So, what is this consultation about?  In simple terms, the myriad of documents that form part of the Local Plan, set out proposals for where the Government’s target for building new homes up until 2036 could be built in the county. ​One key point to note is that the Government’s target for Wiltshire is 40,840 new homes, whereas Wiltshire Council is proposing to build nearly 5,000 more than the target!

How Can I respond? - Here is the LINK to the relevant page on Wiltshire Council's website. The website looks very unfriendly and uninviting, but, when you get the hang of it, it is quite easy to find what you are looking.  

​There are over 30 different forms that can be completed but please don't let this put you off. Even if you just complete one for your area, you will be helping to press home the message about climate change and biodiversity loss. As well as the proposals for the ‘principal settlements’ and ‘market towns’, there are some overarching documents:

  • Emerging Spacial Strategy - (what does that mean!!) it's about where the Council proposes to build all those additional new homes, having considered a number of different options 

  • Supporting Documents - in this section there are a plethora of documents, including the Interim Sustainability Appraisal, which attempts to set out the positive and negative impacts of the various potential locations for development 

  • Empowering Rural Communities - sets out the framework for rural communities (the villages and open countryside) to meet housing and employment needs (no mention of climate change at all)

  • Addressing Climate Change and Biodiversity Net Gain - to be fair this paper is well written and sets out the challenge of carbon reduction and protecting the natural environment, but unfortunately its findings have not fed through to the rest of the Local Plan.

  • Planning for individual towns - each town has its own document setting out the options for development and proposing a preferred option for locating new building.
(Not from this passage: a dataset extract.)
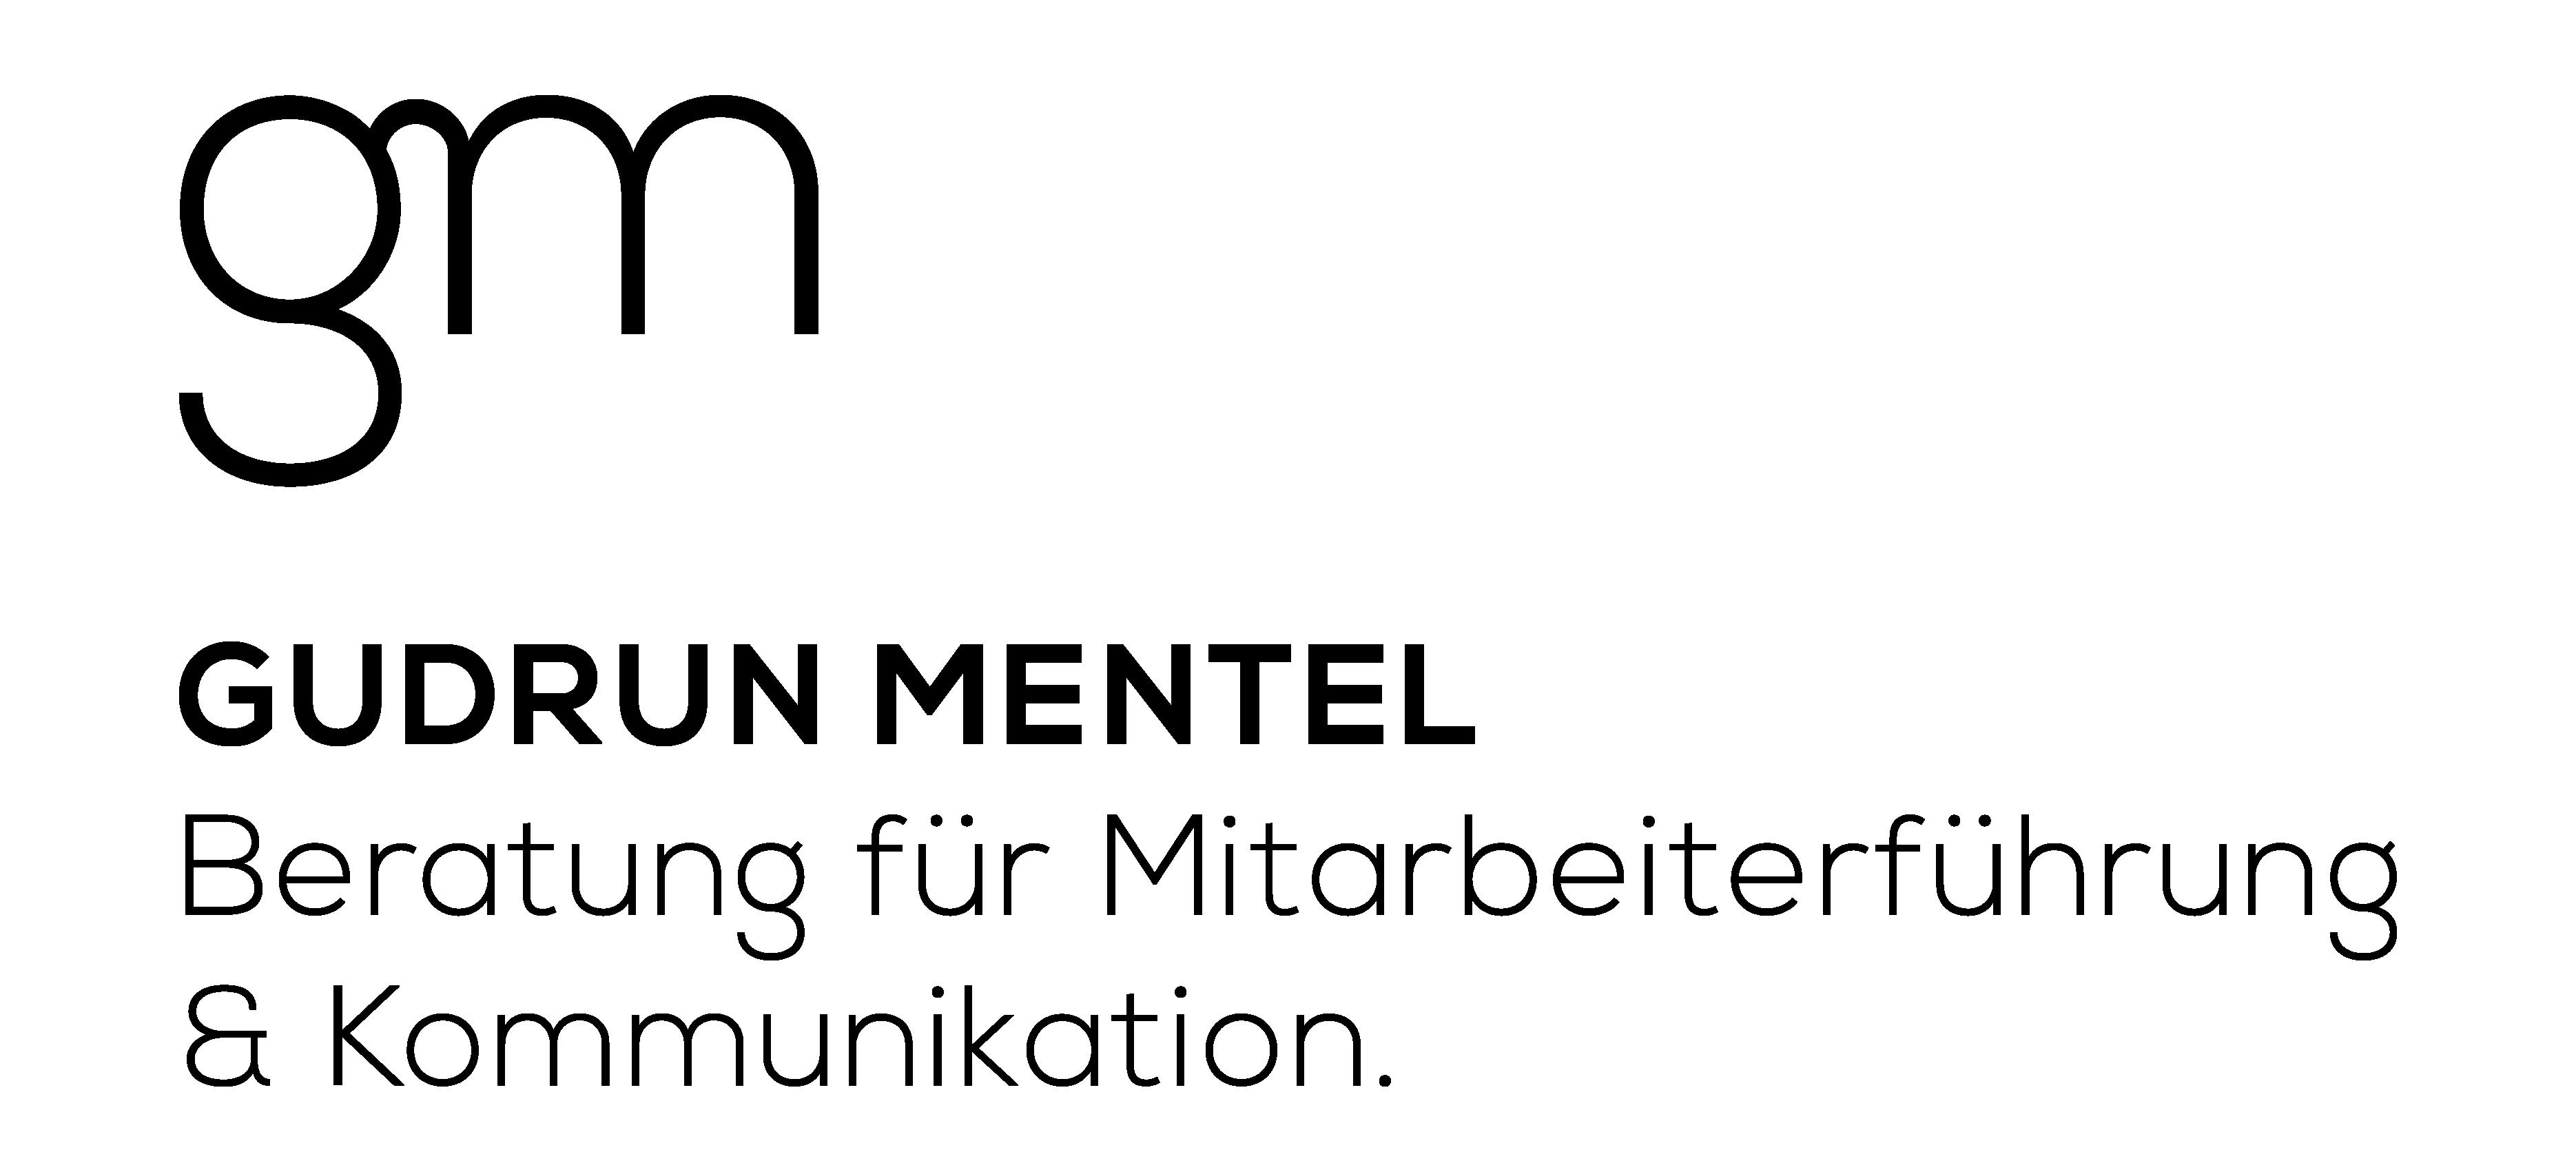 Das Logo von Gudrun Mentel.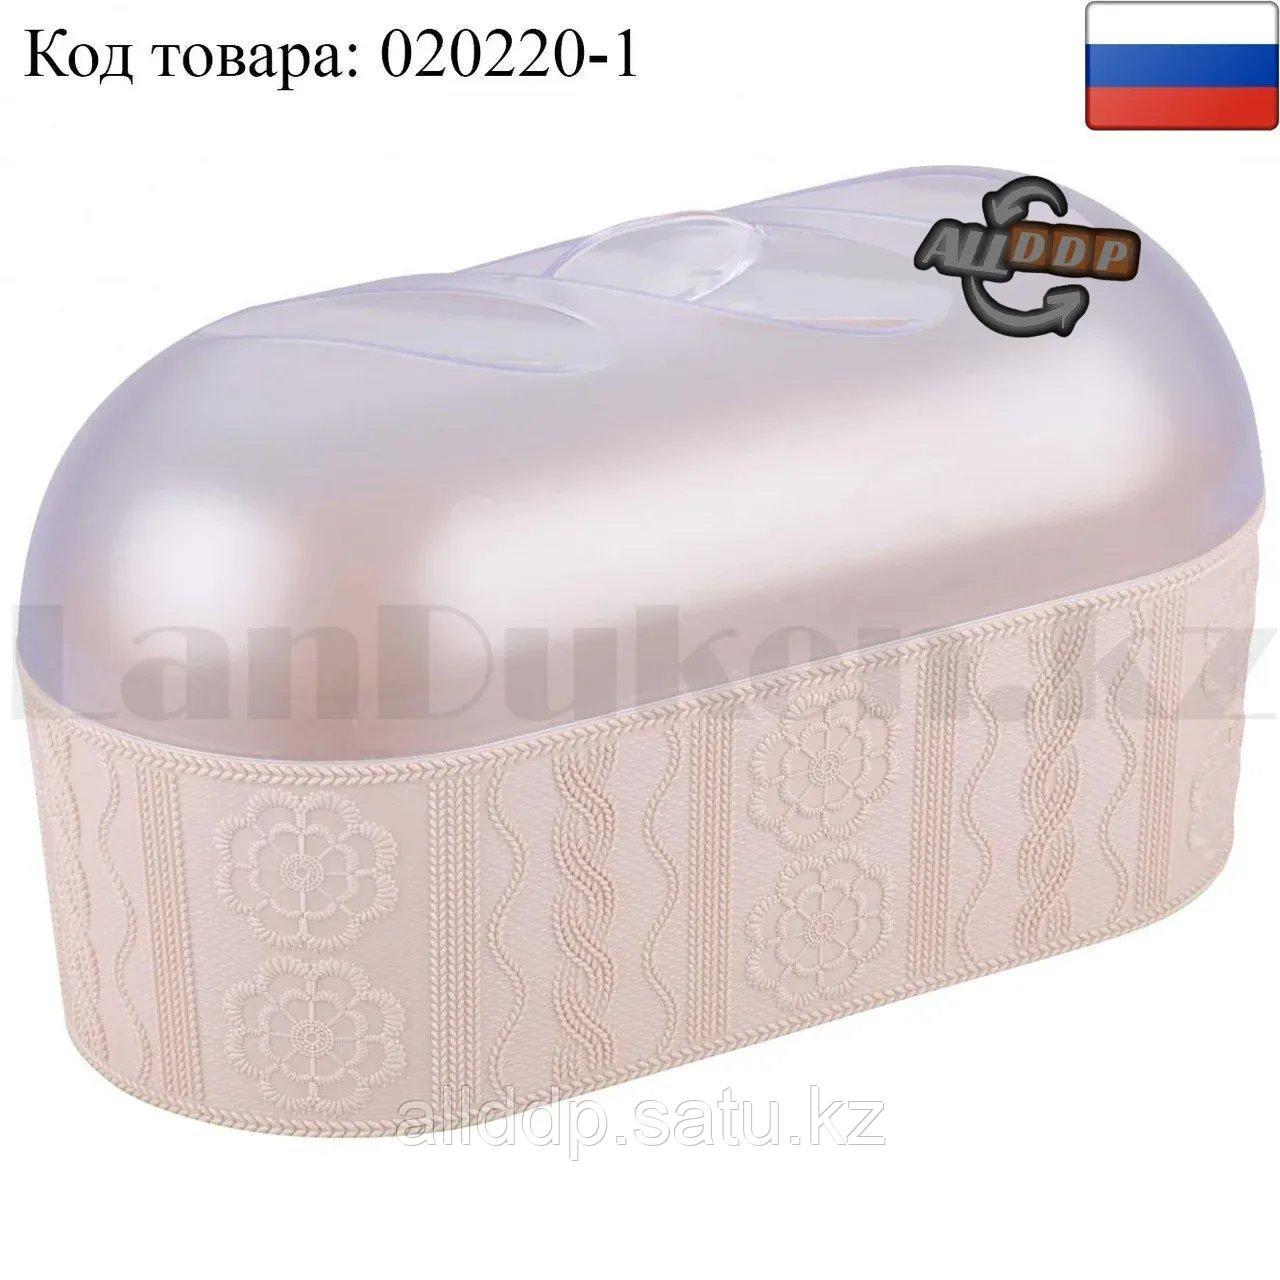 """Хлебница для хранения хлебобулочных изделий """"Меланж"""" пластиковая прозрачная крышка (розовая)"""

You can either complete the online forms or download a word version and send it in via email. Please NOTE that the online forms cannot be saved so you have to complete them in one go!

What should I say?

We have prepared some useful content for a general E mail responses which can be viewed on the LINK


Here are some bullet points that might help:


The Plan must include specific measures to reduce emissions, including:

  • Planning for new housing developments where there is genuine need, rather than being driven by out-dated, top-down targets;

  • Avoiding building houses where this creates car dependency and people will need to commute long distances to their places of employment;

  • Introducing planning policies that require housing and commercial development to be built to zero carbon standards in settlement designs that are genuinely sustainable, avoiding building on greenfield sites wherever possible;

  • Reassessing major road schemes based on realistic projections of future traffic volumes taking into account local and national climate change policies and longer- term changes in work patterns as a consequence of COVID-19;

  • Creating a planning framework that promotes renewable energy generation, including making specific provision for onshore wind generation (the lowest cost form of electricity generation), which is not currently mentioned anywhere in the Plan;

  • Encouraging a significant shift away from private cars to public and active transport, investing in cycling and walking infrastructure and improving infrastructure for electric vehicles;

  • Protecting and enhancing the carbon absorption properties of the natural environment (that of our natural capital and carbon sinks), including significant increases in tree planting, also helping to improve biodiversity;

  • Protecting the best and most versatile agricultural land, which helps sequester carbon and ensure local food production and future food security, including the Council’s own County farms;

  • Introducing planning policies that require climate change impact assessment of all proposed developments, in advance, against the Council’s carbon reduction targets.


This Local Plan is the best, and last, chance for Wiltshire Council to introduce a policy framework that comprehensively addresses the urgent need for material, year on year reductions in carbon emissions, in line with the Council’s democratic and legislative obligations.  I believe that the current proposals for the Local Plan must be completely rewritten on this basis.


Wiltshire's Local Plan - The need for robust carbon reduction targets.

ClientEarth is an environmental law charity. They are lawyers woeking in the public interest to secure a healthy environment for the citizens of the UK and the world. Read the full letter HERE.

You might also want to add to your response that in order to achieve their carbon reduction obligations, Wiltshire Council needs to:

  • Introduce a policy framework that comprehensively addresses the urgent need for material, year on year reductions in carbon emissions, in line with the Council's democratic and legistlative obligations and the advice given by ClientEarth.

  • Follow the reccomendations on planning made by the Climate Emergency Task Group.

  • Completely re-write the current Local Plan proposals in line with the above.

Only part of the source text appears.